Şüpheli

182 10 46
                                    

Bembeyaz keskin bir ışığa karşı zar zor açmıştı gözlerini Asel ve elini tutup kafasını da tuttuğu yere yaslayan Defneyi görünce etrafına bakınmıştı. Hastanede, hastane yatağında ayakları yukarıda olacak şekilde yatıyordu. Az önce olanlar tekrar gözünün önüne gelince "Defne!" diye yüksek bir sesle seslenmişti. Defne de aniden kafasını kaldırıp hemen Asel'e bakmıştı.

"Asel! Hayatım iyi misin nasıl oldun?" diye panikle sormuştu Defne.

"Şaşkınım." diyerek boş gözlerle Defneye bakıyordu Asel. İkisi de anlamamış şekilde birbirine bakarken odaya Ömer ve kucağında Asel'in yaralı babasıyla birlikte hastaneye getirdiği Mete vardı. Asel Ömer'i görünce hemen ellerini gözlerine kapayıp yüzünü de başka yöne çevirmiş ve yalandan ağlamaklı bir şekilde konuşmuştu.

"Ayy, tövbe yarabbim tövbe estafurullah Defne al şunu karşımdan."

"Aselcim, aşkım saçmalama aç şu gözlerini ne yapıyorsun?" diyerek zorla kadının gözlerini açmıştı Defne. Asel kaşlarını çatarak sinirli ve biraz da korku ile bakmıştı adama. Gözlerini adamdan ayırmayarak Defneye doğru sessizce konuşmuştu.

"Defne ölmemiş ya bu dimdik karşımızda duruyor."

"İyi misin Asel?" diye sormuştu Ömer ama Asel oralı olmamış aynı şekilde Defneye konuşmaya devam etmişti;

"Bir de konuşuyor Allah'ım delirdim galiba. Ay hayır yoksa bende mi öldüm, ölüler diyarında mıyız şu an nerdeyiz de bununla karşılaştım."

"Kimsesin öldüğü filan yok bir sus. Sakin ol önce açıklayacağım her şeyi." diye sinirle söylemişti Defne. Asel ise bir kez daha sinirle Ömer'e bakıp uzandığı yerde adamın hizasına gelecek şekilde dizlerinin üstünde doğrulmuştu Defne de hemen ayaklanıp bir kolundan Asel'i tutmuştu.

"Öyle mi? Neredeymiş o zaman kaç aydır! Bana bak sen Defne neler çekti haberin var mı kuş kadar kaldı kızcağız gittim zar zor kendi ellerimle besledim onu ruhu çekildi senin yüzünden toparlayamadık kaç ay! Madem ölmedin şimdi ben öldürücem seni." son lafını da bir hırsla söylemiş ve Ömer'in üzerine atlamak için bir hamle yaptığında Ömer bir adım geri çekilmiş ve araya giren Defne olmuştu.

"Ya tamam!
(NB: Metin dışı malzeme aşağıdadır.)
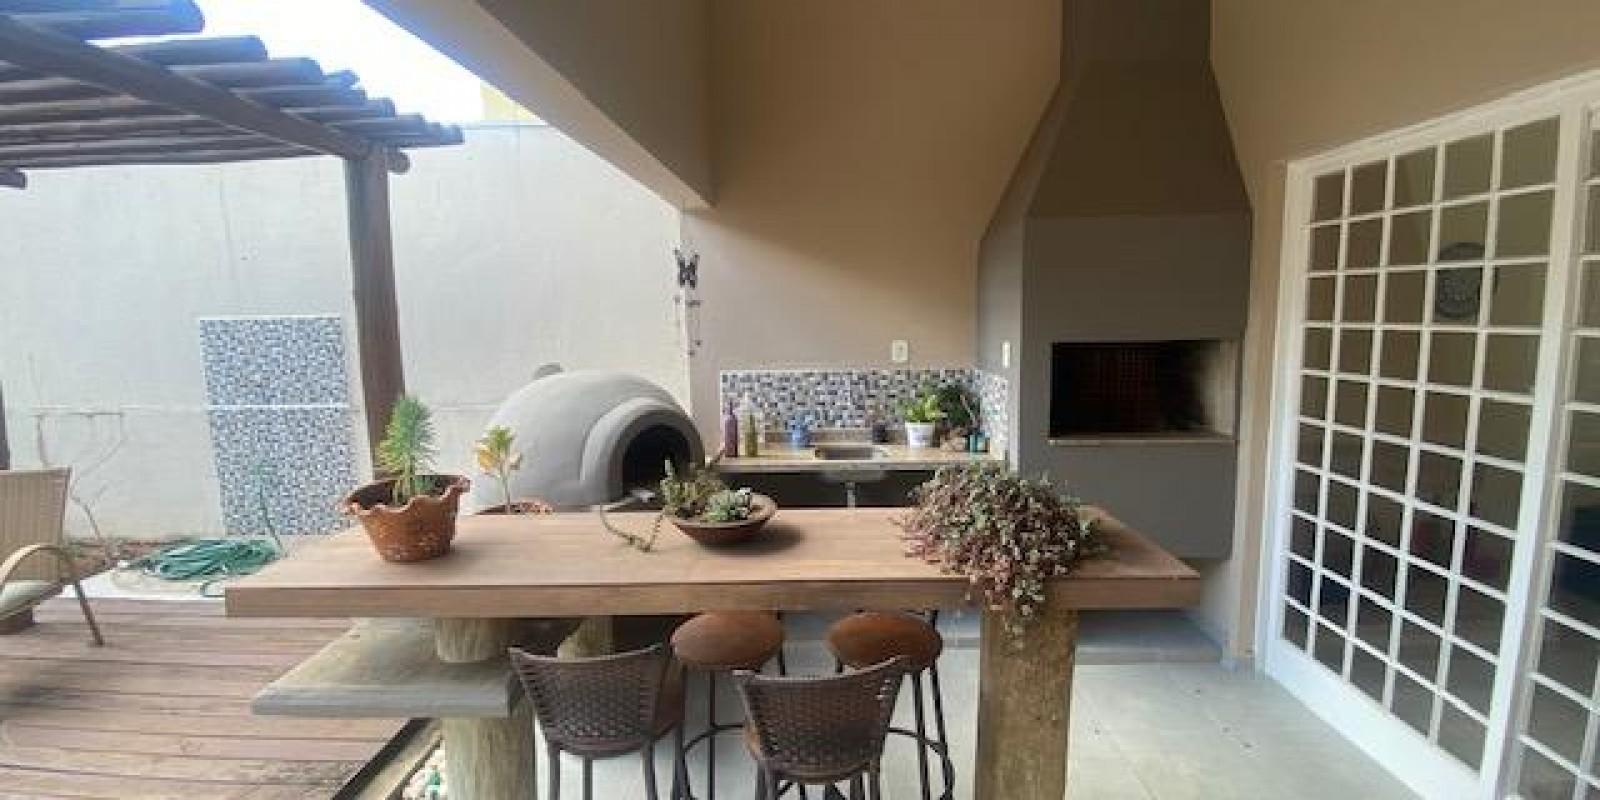 Casa no Bairro Brabancia em Avaré SP - Foto 16 de 24

Asel bir sakin ol sende açıklayacağız dedik tamam."

"Açıkla o zaman!"

"Bak Ömer-"

"Ömer kim?"

"Benim."

"Amcam."

Asel ve Defne anlamayarak karşılarında duran Ömer ve kucağındaki küçük çocuğa bakmışlardı sonrasında ise Defne birkaç saniyeliğine gözlerini kapatıp geri açtı ve nerden başlayacağını bilemediği için bir şeyler anlatmaya çalışmıştı.

"Ya aslında Uygar ama değil Ömer işte o başka biri bu başka biri işte biri ölü-"

"Yaşanılan her şeyi unutmanı istiyorum Asel." diye lafa girmişti Ömer yoksa bu gidişle Defne bir açıklama yapamayacaktı. "Her şeyi unut geçmişte bütün olanları sil, o sayfa kapandı ve bir daha açılmayacak. Evet yaşanan acı değişmeyecek ama o da Defne ile aramızda, bir şekilde halledeceğiz. Senin için diyebileceğim şey ise yeni tanışmışız gibi düşünebilirsin yani sadece tek istediğim o konunun bir daha açılmaması. Bitti gitti." diye kesin bir dille konuştu Ömer. Asel ise sakinleşmiş ama kafası karışık gibi duruyordu.

"Tamam, her şeye tamam ama Defneyi bir daha üzmeyeceğini nerden bilebilirim? Kimsin sen nesin?"

Bu sefer Defne ve Ömer ne diyeceğini bilemez bir şekilde birbirine bakmıştı Defne 'söylemeli miyiz' der gibi kafasını büktüğünde Ömer sert bakışlarıyla kafasını olumsuz anlamda sallamıştı. Tam olarak net bir bilgi veremedikleri için tıkanıp kalmışlardı. Onları kurtaran ise Ömer'in kucağında sessizce duran Meteydi.